Aim: Although in the scientific literature there is a substantial evidence that psychodynamic psychotherapies produce significant symptomatic improvements, the dynamic of change occurring in the process of care remain mainly obscure. Hence, in this work we examine four good-outcome and four poor-outcome psychodynamic psychotherapies pertaining to one of the most renowned research studies: the York Depression Study. The main aim is to investigate the processes of change related to the use of language characterising good and poor outcome psychotherapies.
Method: Every segment of 150 words of brief psychodynamic psychotherapies (i.e. 18-20 sessions) was transcribed and coded. Each segment or statistical unit is clustered according to the K-means Algorithm and/or Minimum Spanning Tree, in order to show the temporal invariants between different segments. Now, each statistical unit will represent a specific configuration of the therapeutic field (i.e. the therapist-patient relationship) characterised by specific patterns of the above mentioned variables. Hence, each cluster will correspond to a specific relational configuration between patient and therapist, a specific state of the complex psychotherapeutic system. The cluster/states time serie generated will be studied by means of sophisticated mathematical analyses in order to identify the invariants within the good and poor outcome therapies processes. These statistical techniques capturing the non-linearity and non-stationarity of time series are, mainly: the Markov Transition Matrix, the Recurrence and the Cross-Recurrence Quantification Analysis, the Network Analyses.

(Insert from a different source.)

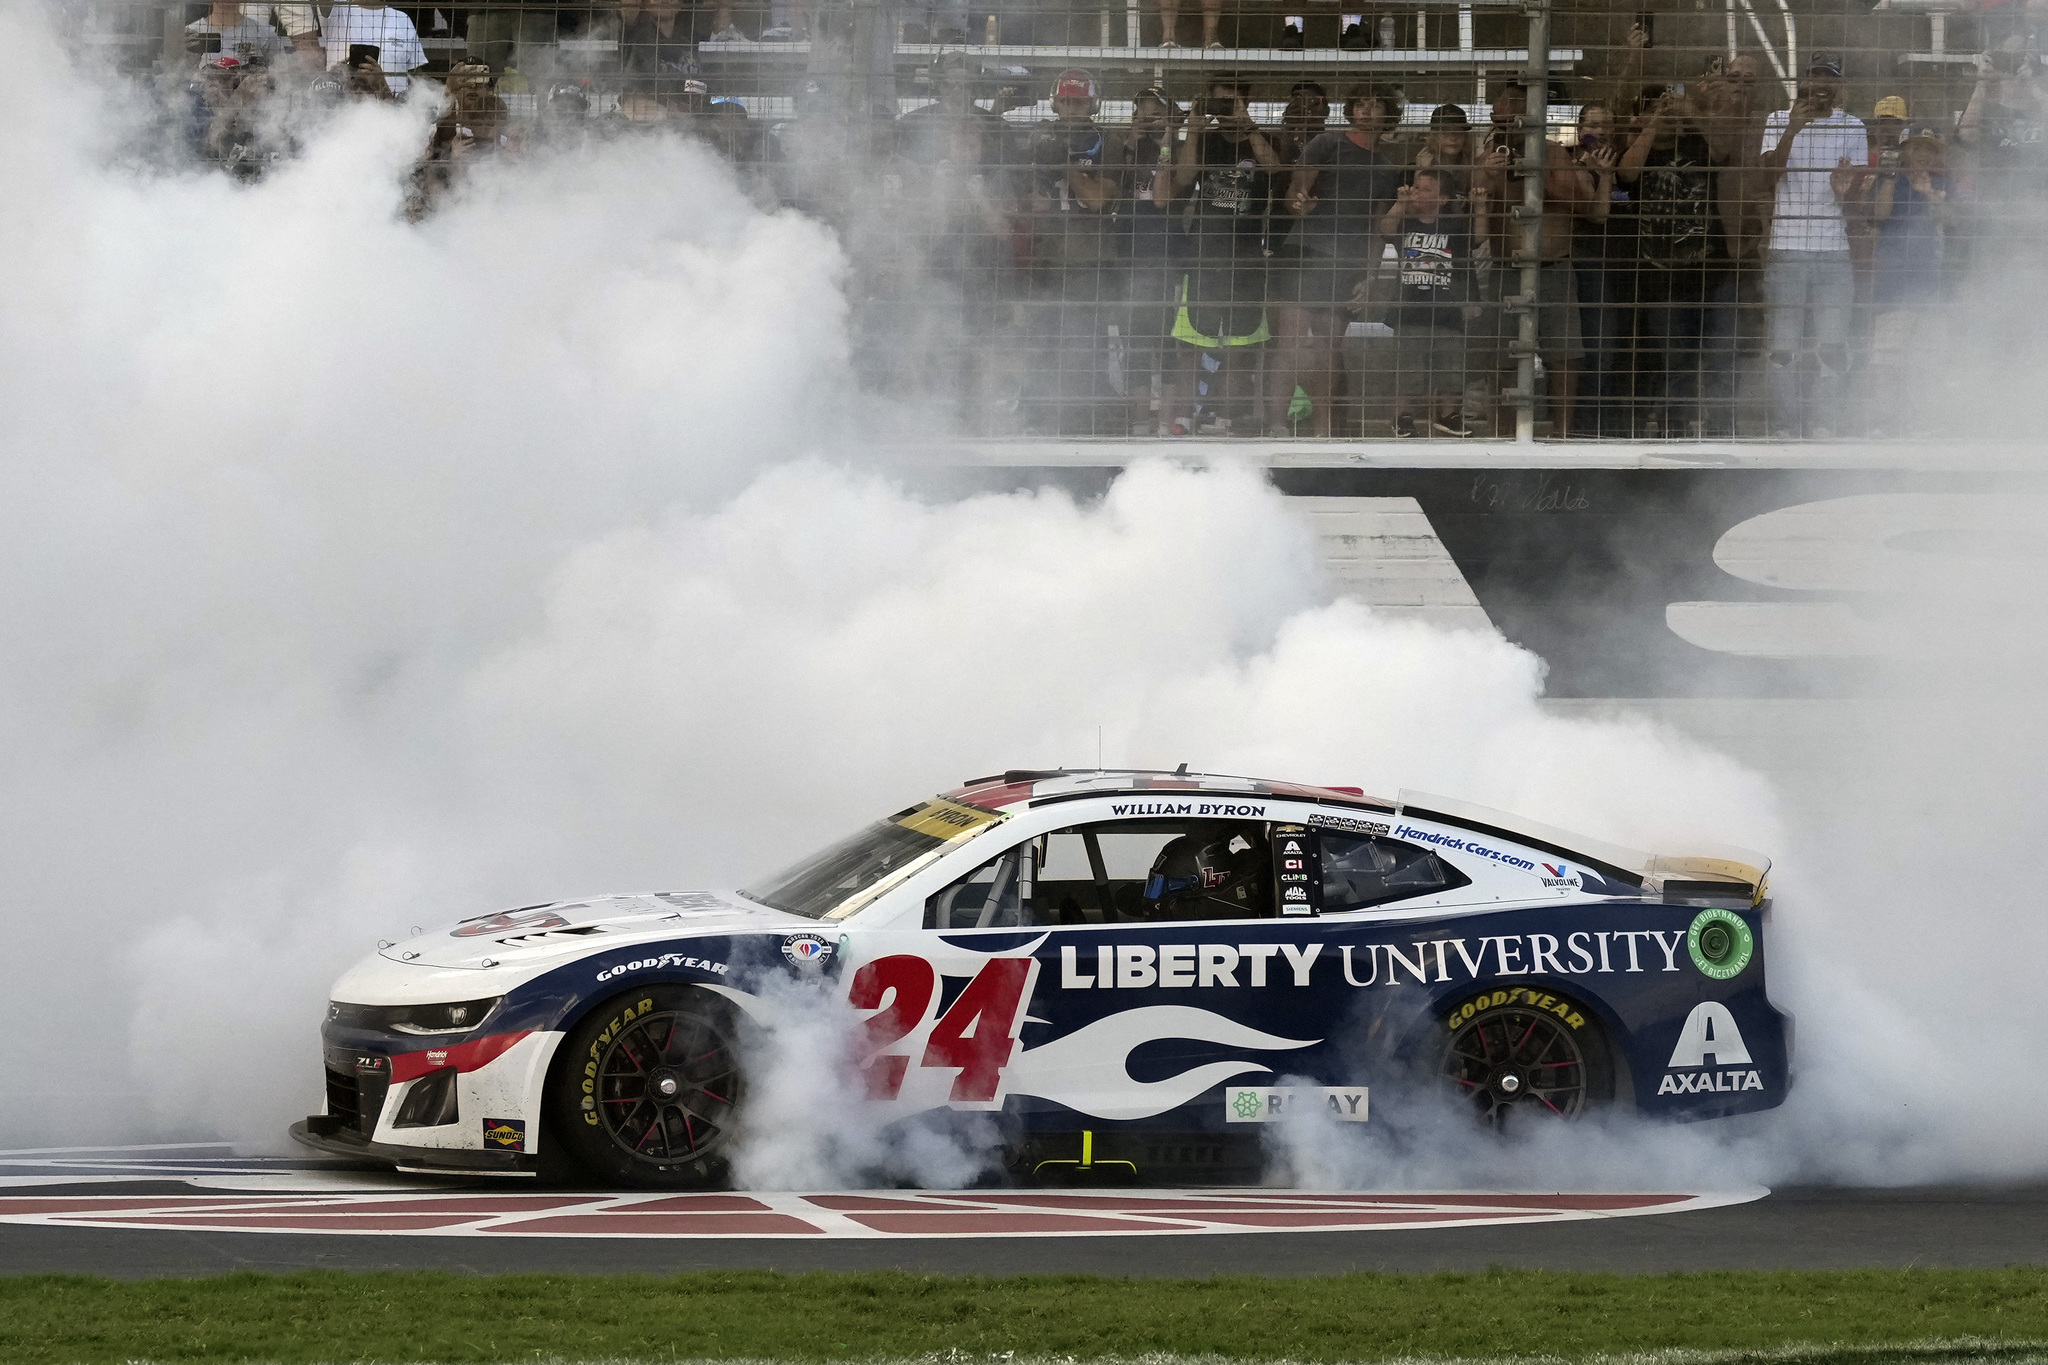 William Byron (24) burns his tires after winning the NASCAR Cup Series auto race at Texas Motor Speedway in Fort Worth, Texas, Sunday, Sept. 24, 2023. (AP Photo/LM Otero)
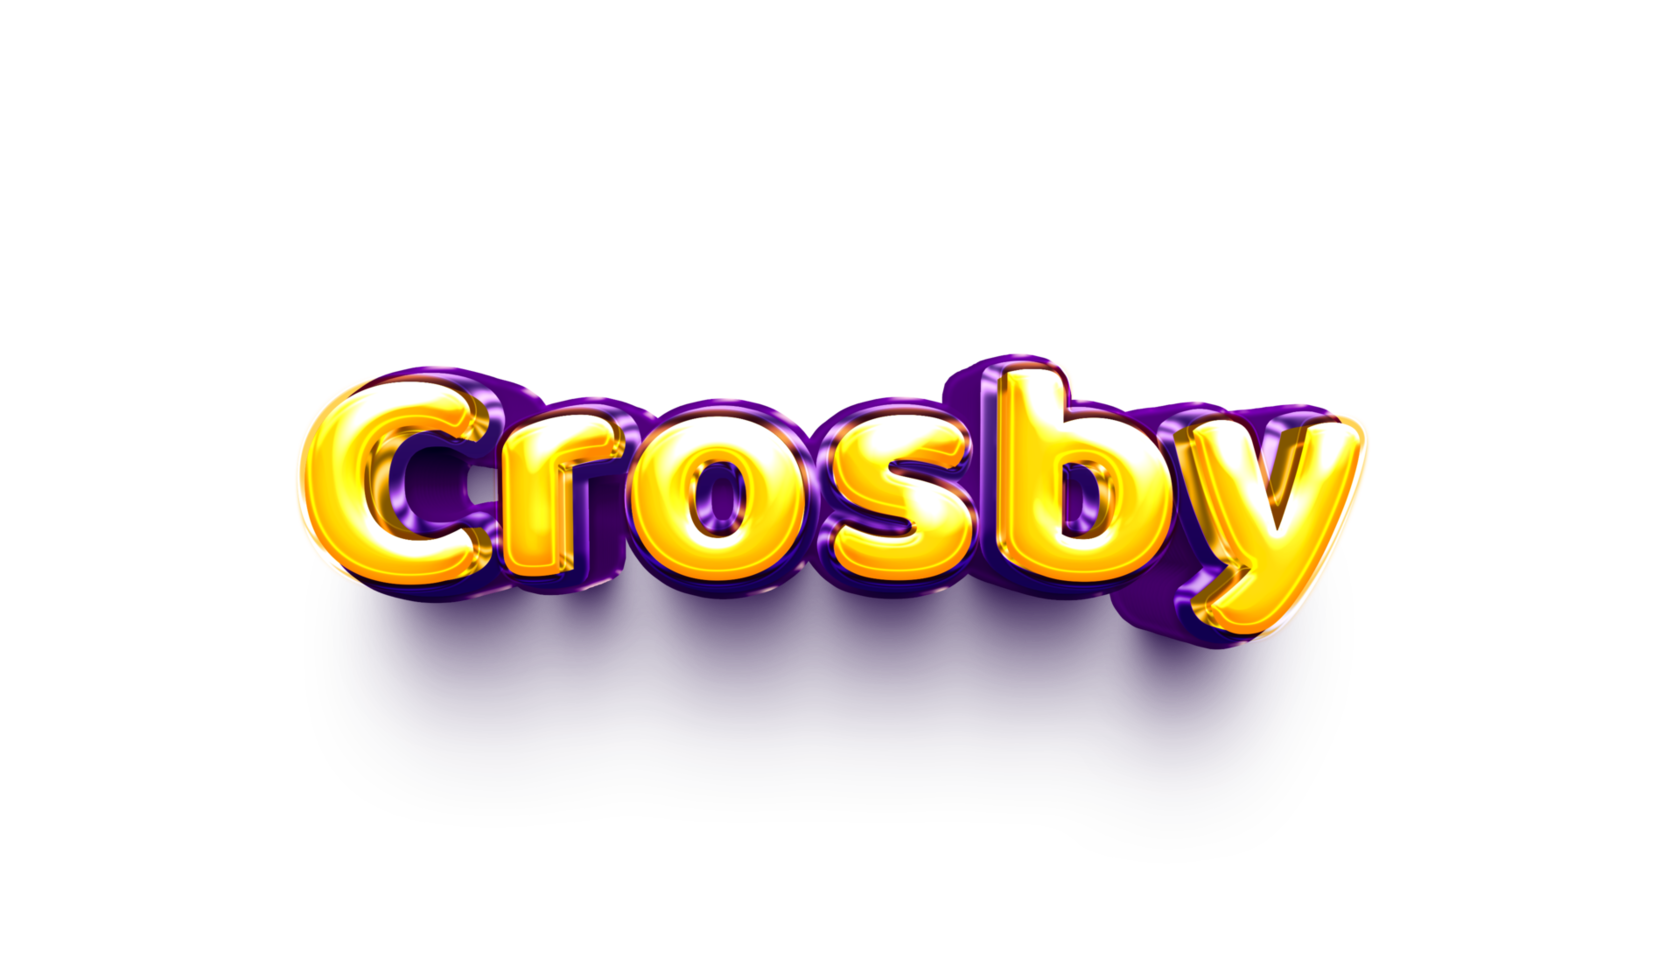 names of boy English helium balloon shiny celebration sticker 3d inflated Crosby Crosby png

Conclusions: this study for the first time in literature aim to analyse by means of statistical techniques that consider the non-linearity and non-stationarity of data the linguistic longitudinal dynamics of change, trying to understand their evolution characterising four poor and four good outcome brief psychodynamic psychotherapies.
According to the previous literature we can depict four main expected results.
- The network of good outcome cases is ergodic, Halfon, Andreassi, de Felice et al. 2016.
-If the system goes towards phase transitions, these last are preceded by an increase of system¿s variability, Schiepek et al. 2008, 2010, Gumz et al. 2008, and an intra-systemic correlation peak, Gorban et al. 2010.
-The patient-patient and therapist-therapist components are correlated with therapist-patient ones only in good outcome cases, pilot study on George and Lisa.
-The temporal evolution of poor cases will present dysfunctional attractors (at this time there is no such longitudinal study with poor outcome cases, so we deduce it by our previous findings on three good outcome cases aggregated, Halfon, Andreassi, de Felice et al. 2016).
Conclusions
Considering the linguistic aspects of psychotherapy, what are the indexes within the process able to predict good and poor outcome cases?
This study for the first time in literature aim to analyse in detail the linguistic longitudinal variables in order to understand their temporal invariants characterising good and poor outcome cases of brief psychodynamic psychotherapy. Specific attention will be paid to the dynamics of change occurring in their processes, the factors that precede it and those who seem to impede it.